### PROVIDED MATERIAL:
::::::

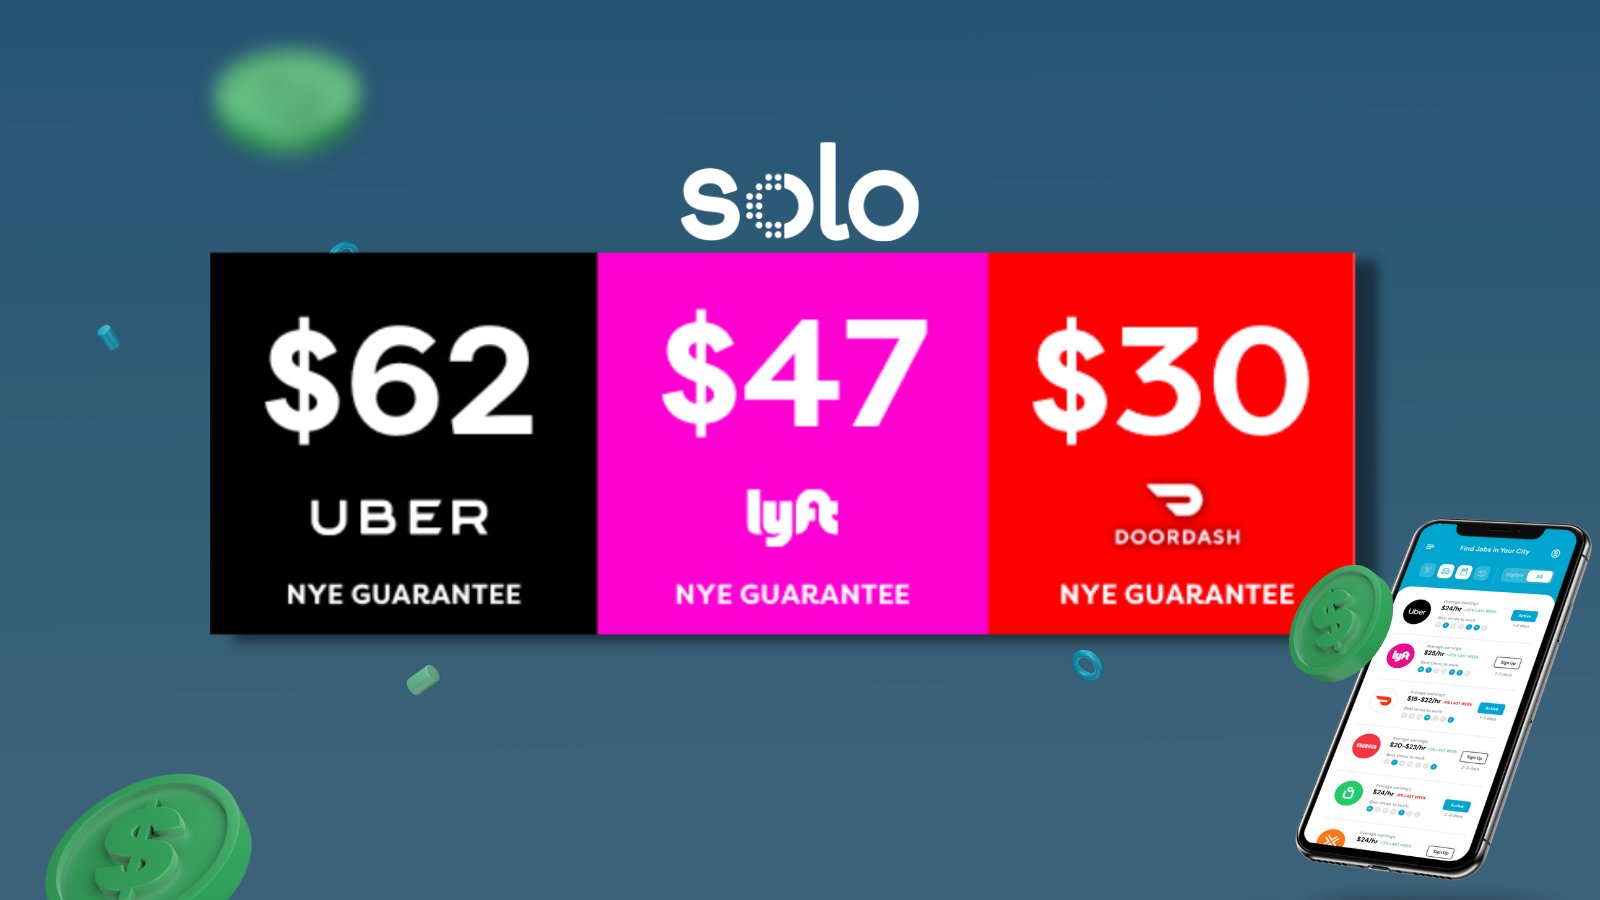 Solo on Twitter: "Make the most of your time this #NYE with Solo!🎊 Schedule your hours in the app to take advantage of highest pay guarantees in Solo history.🤑 Stay safe
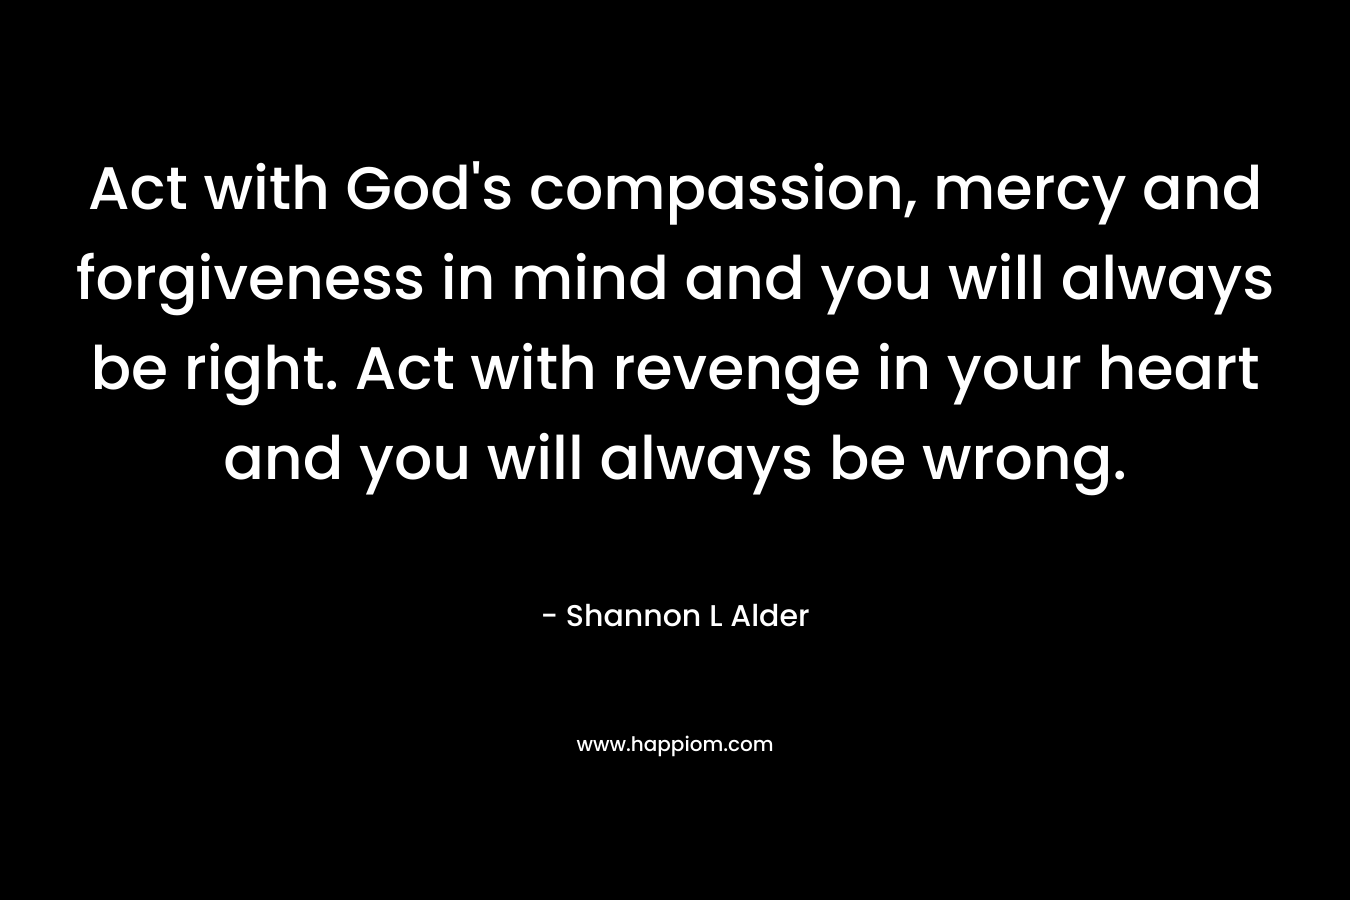 Act with God's compassion, mercy and forgiveness in mind and you will always be right. Act with revenge in your heart and you will always be wrong.
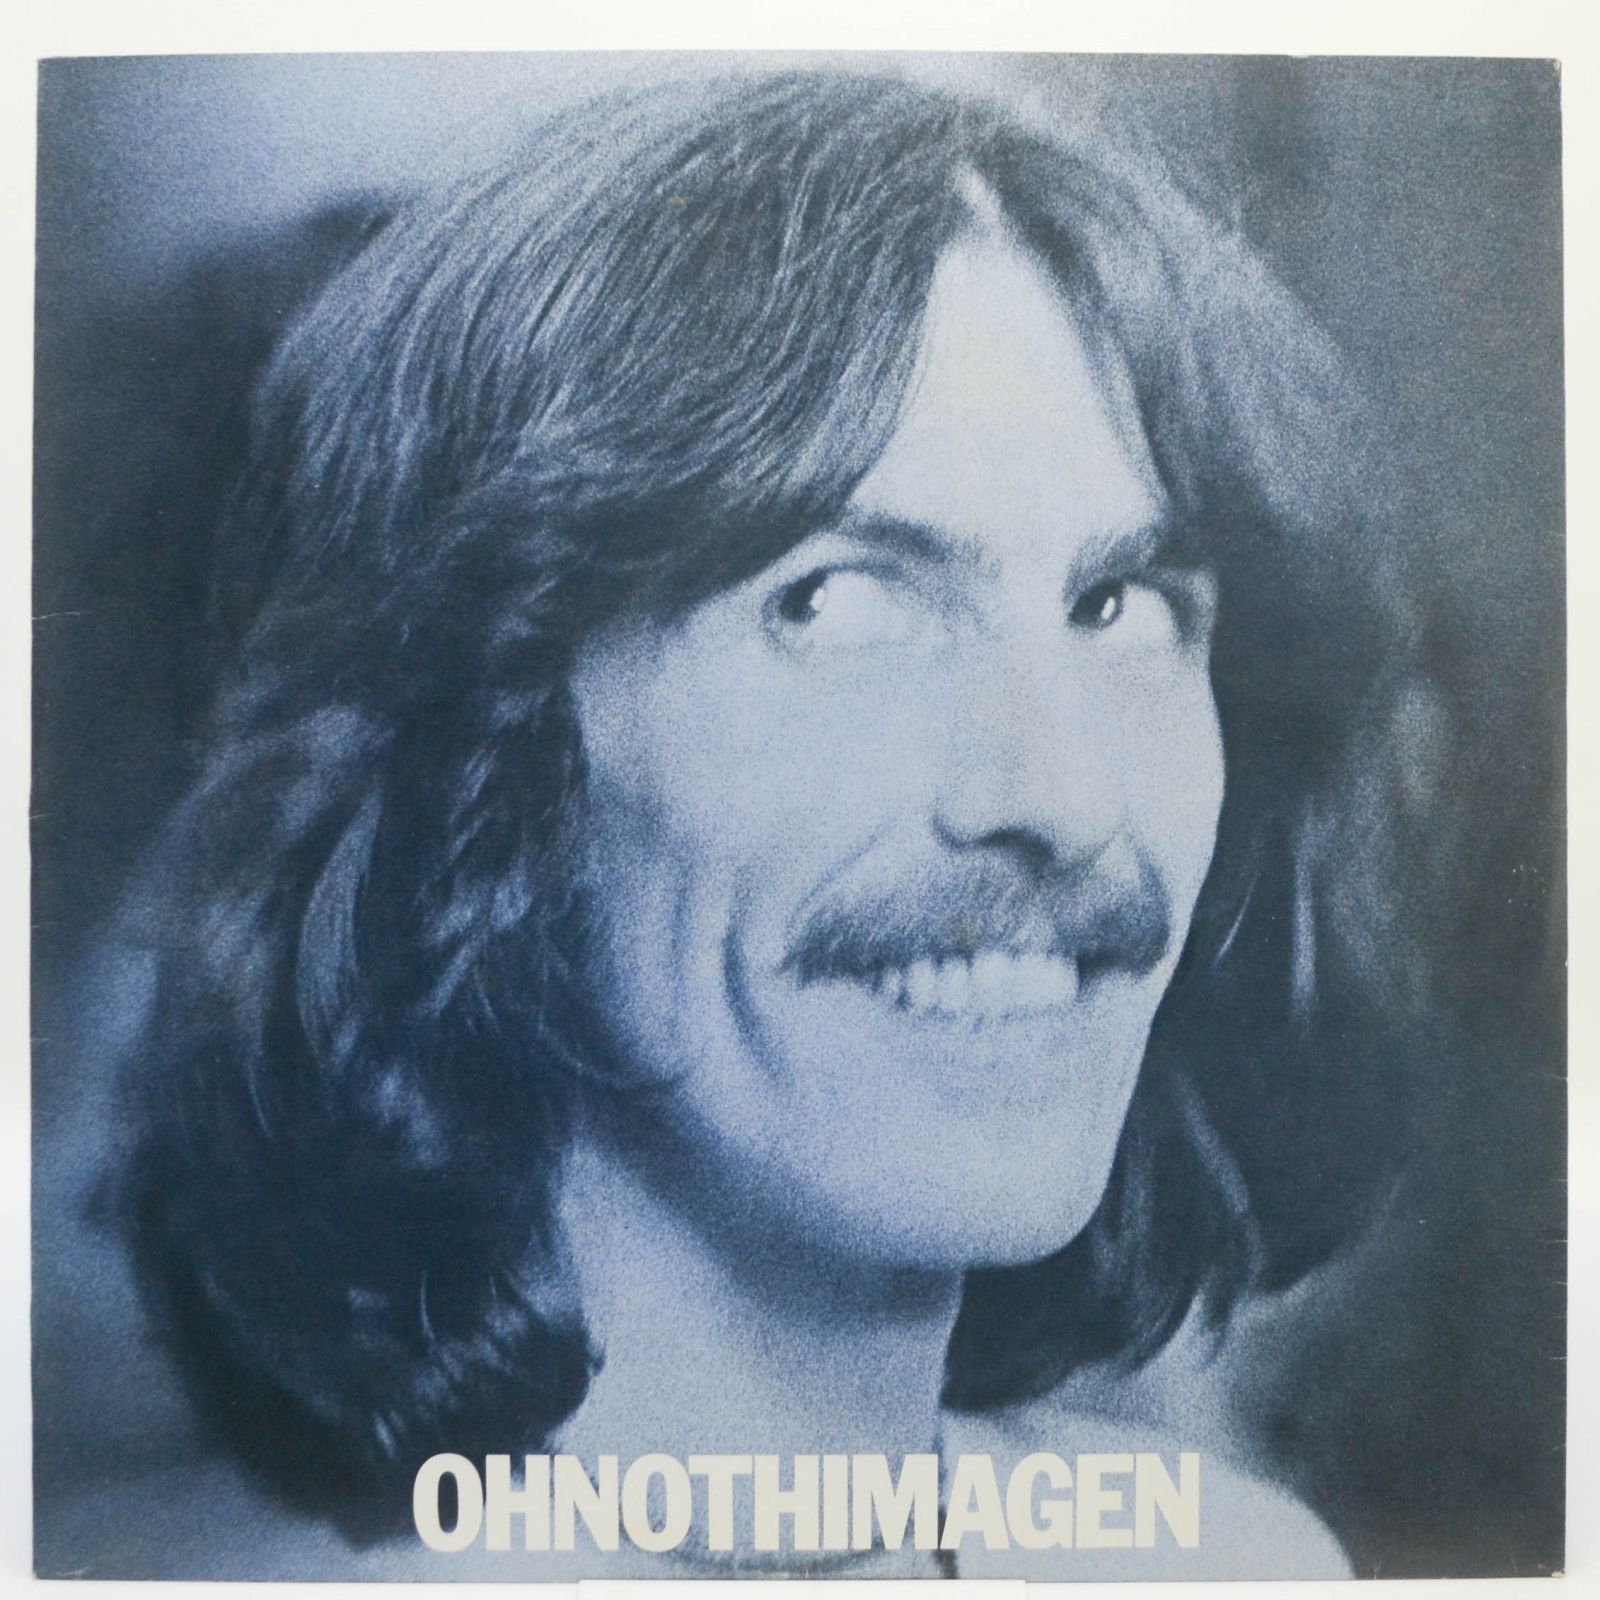 George Harrison — Extra Texture (Read All About It), 1975
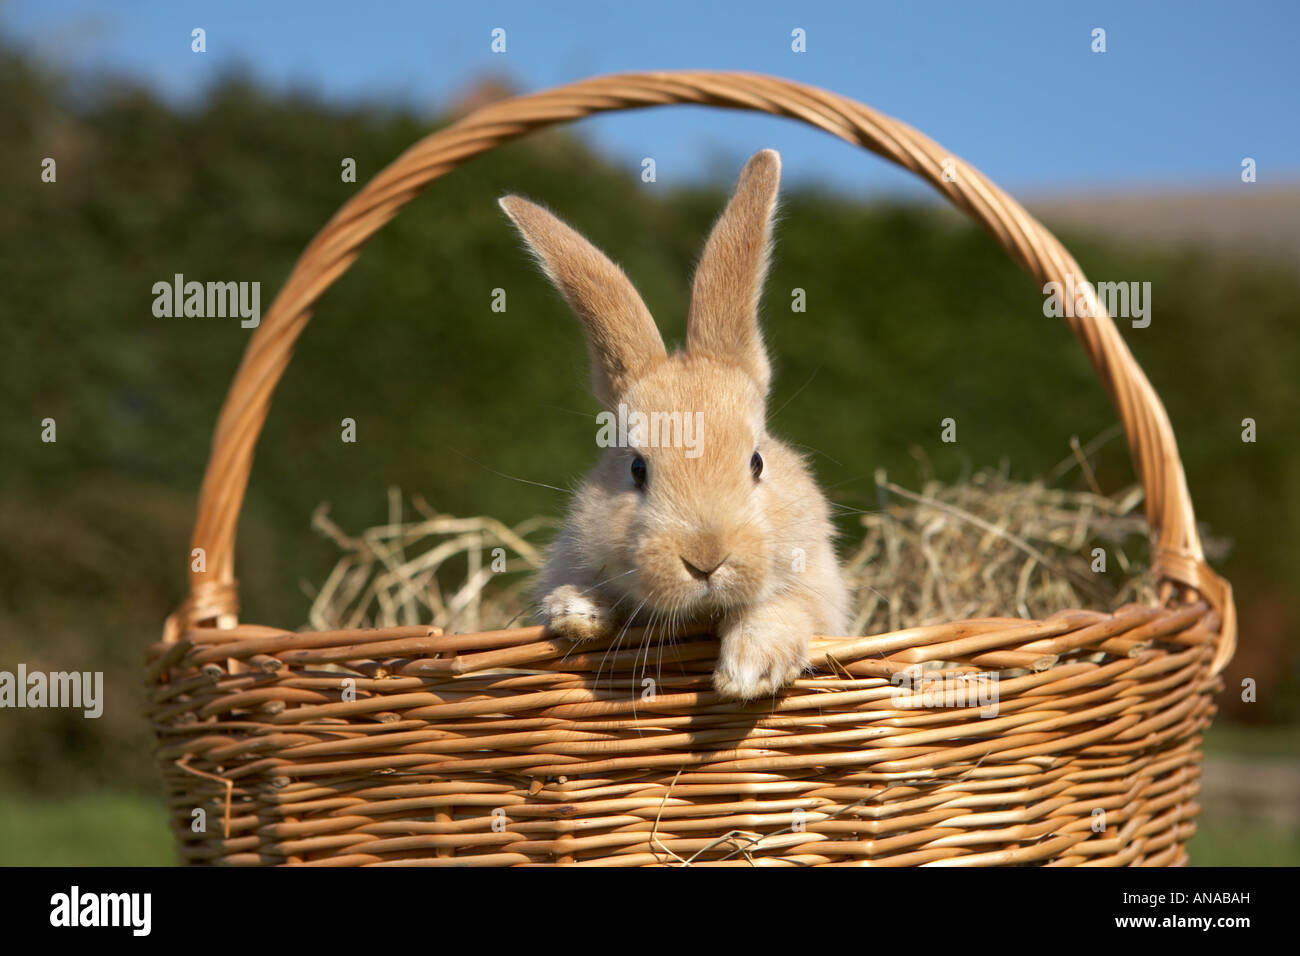 Cute Easter bunny escaping from a wicker basket Stock Photo

::::::

### EXERCISE REQUIREMENTS:
Take the lines from the one that contains "George Harrison —" down to the last line of the listing above, both included, and set them down exactly, leaving out pictures.

### TASK SOLUTION:
 George Harrison — Extra Texture (Read All About It), 1975
 Cute Easter bunny escaping from a wicker basket Stock Photo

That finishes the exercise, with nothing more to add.